→ Data excerpt:

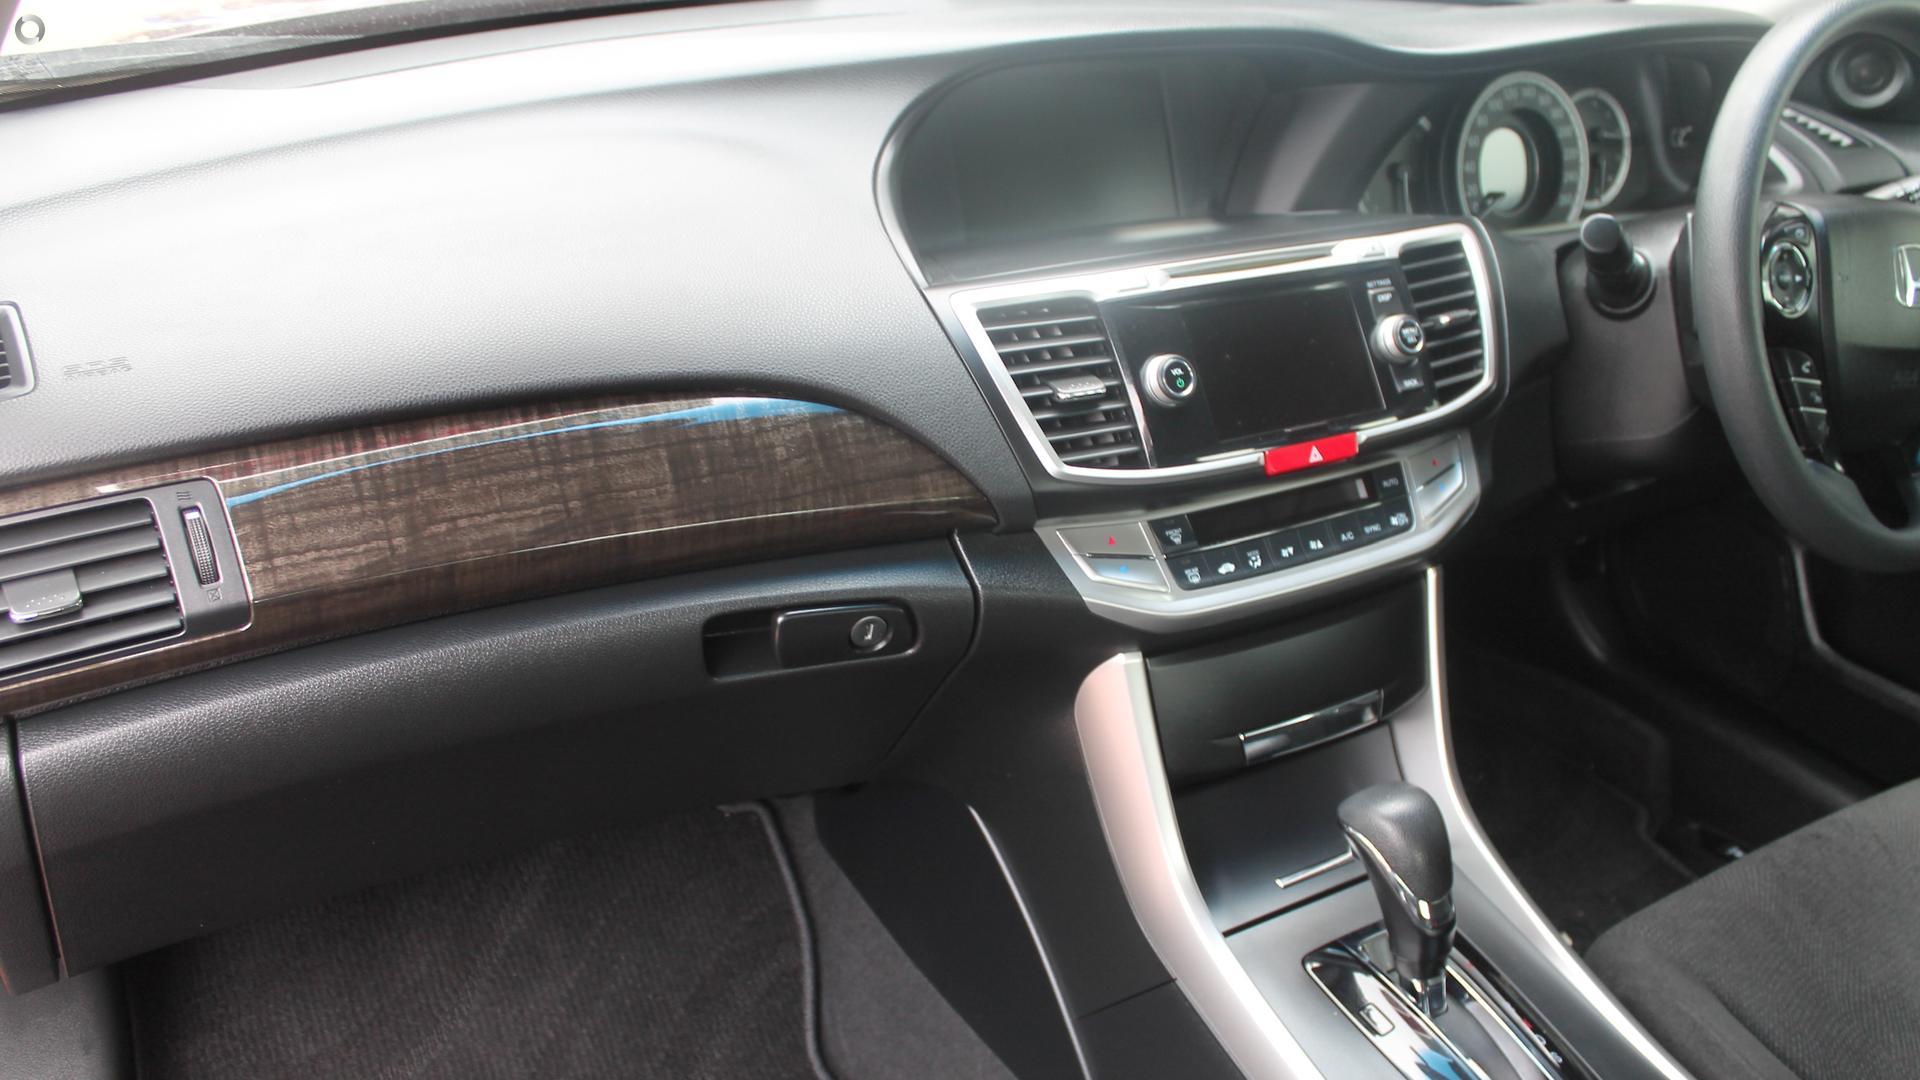 2013 Honda Accord VTi 9th Gen
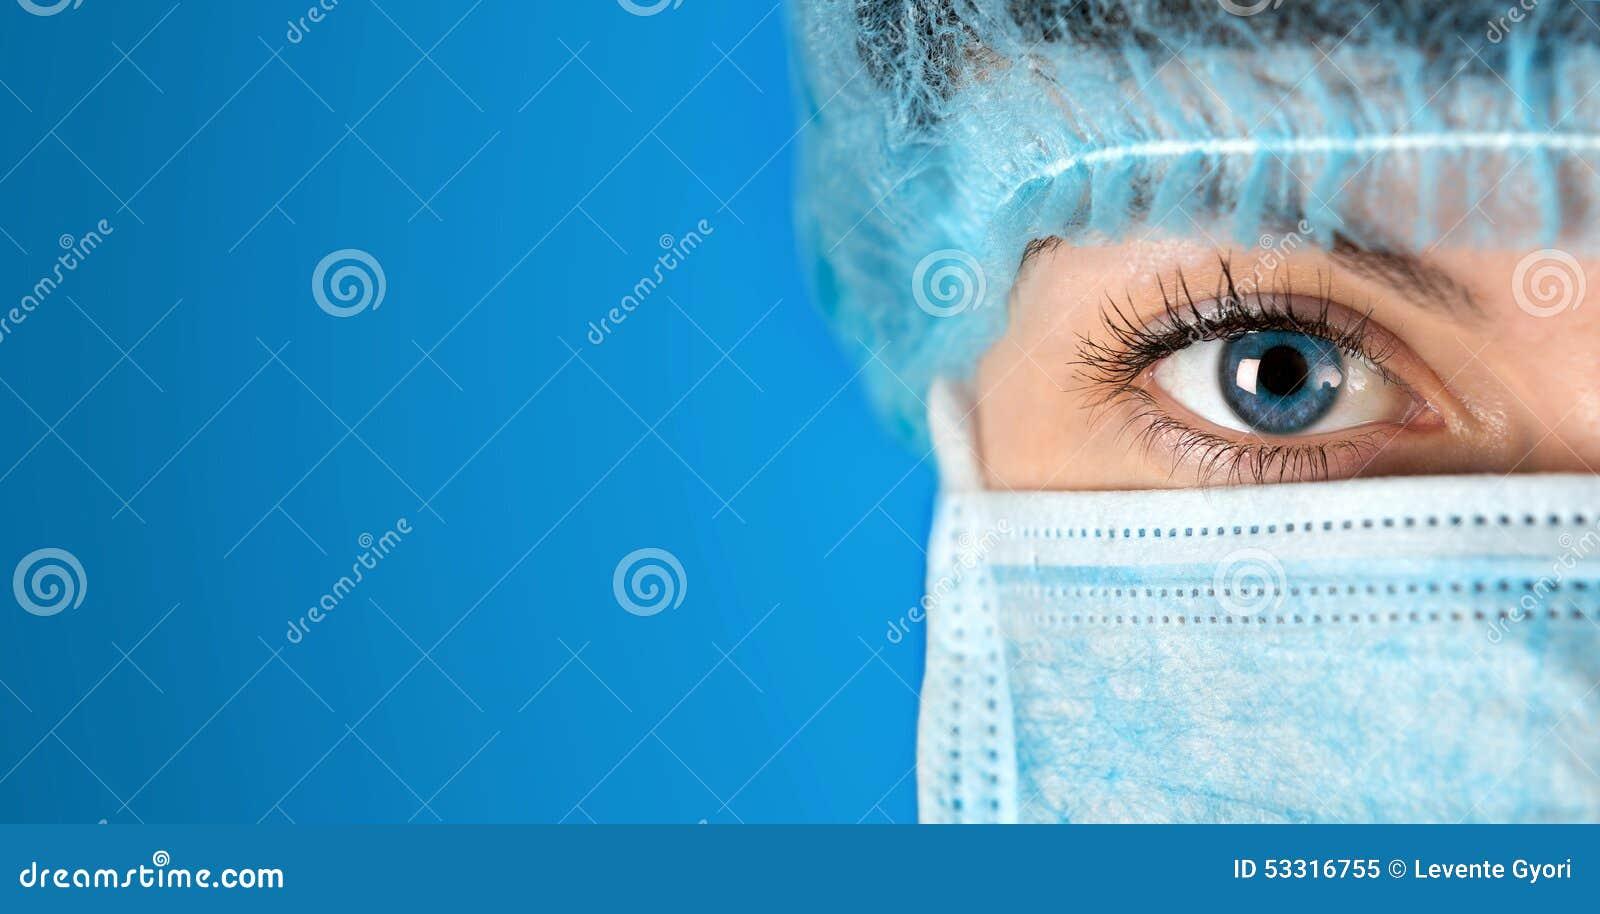 Surgeon gazing hospital close up shot
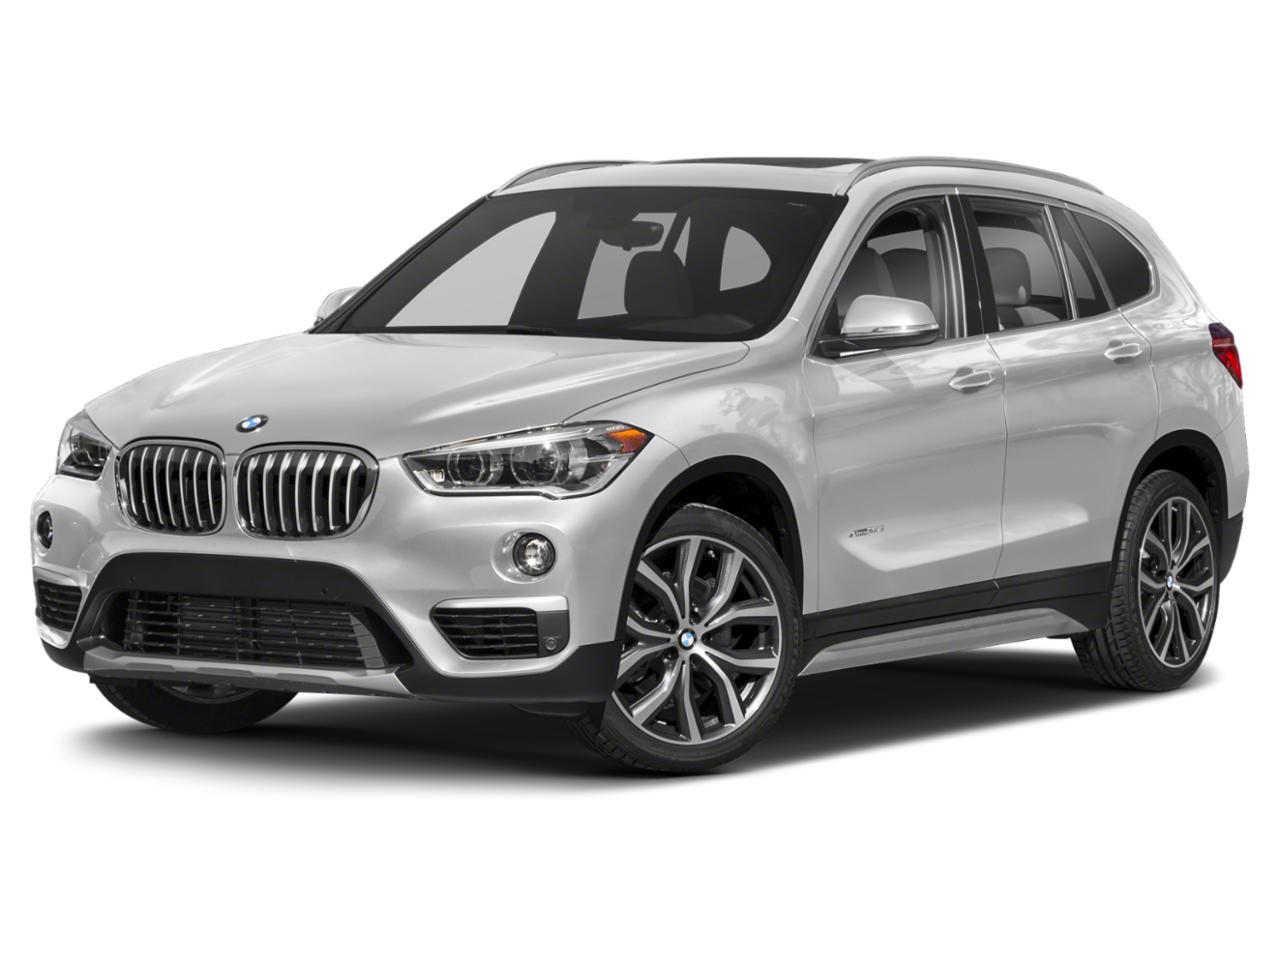 2018 BMW X1 xDrive28i Vehicle Photo in Oak Lawn, IL 60453-2517
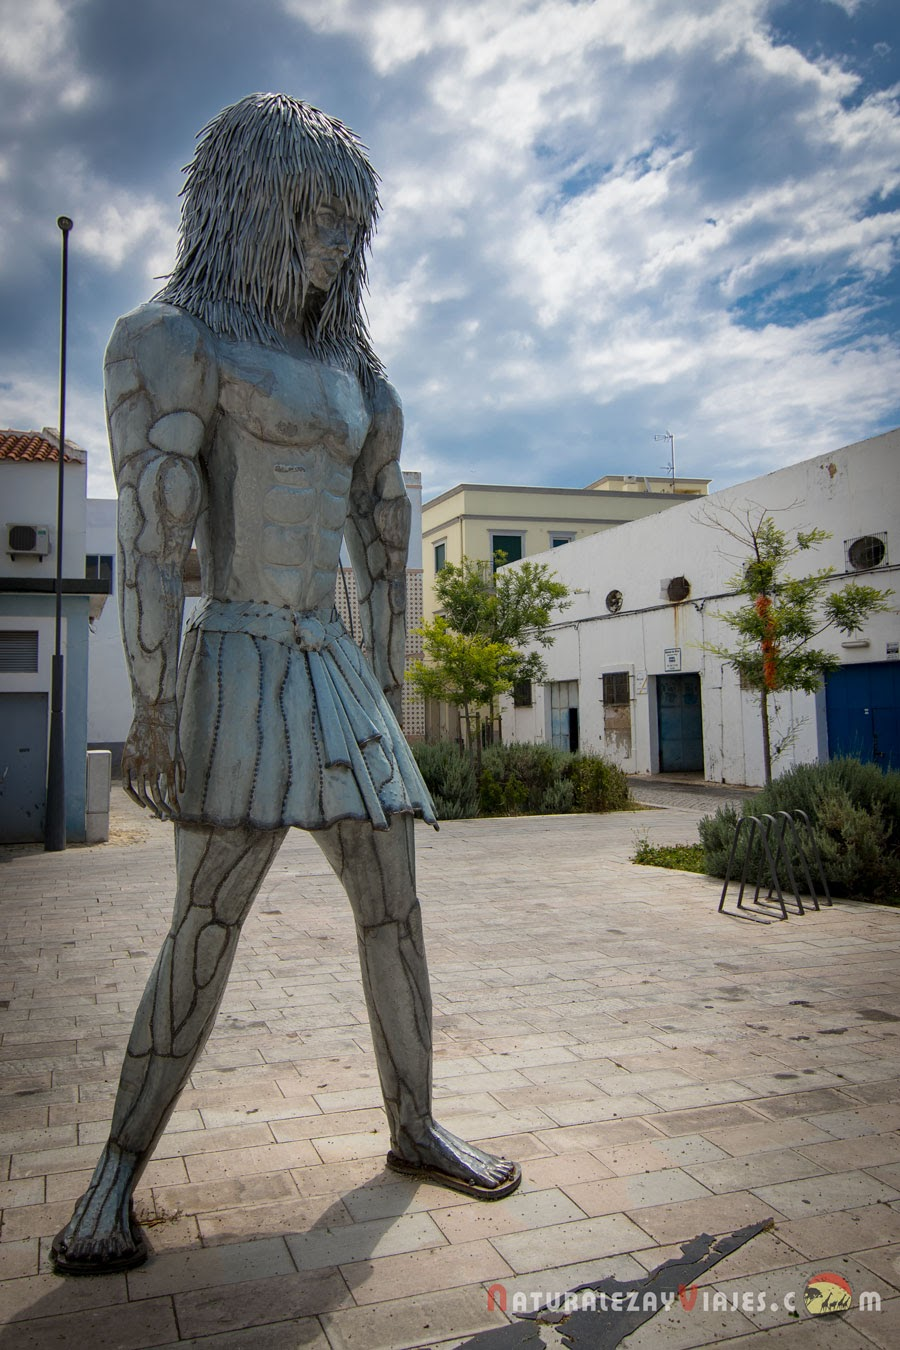 Arraul, Olhão, Algarve

→ Brief: Begin at the line containing "Surgeon gazing hospital close up shot" and restate exactly every line through the end of the material, skipping the pictures.

→ Answer:
 Surgeon gazing hospital close up shot
 2018 BMW X1 xDrive28i Vehicle Photo in Oak Lawn, IL 60453-2517
 Arraul, Olhão, Algarve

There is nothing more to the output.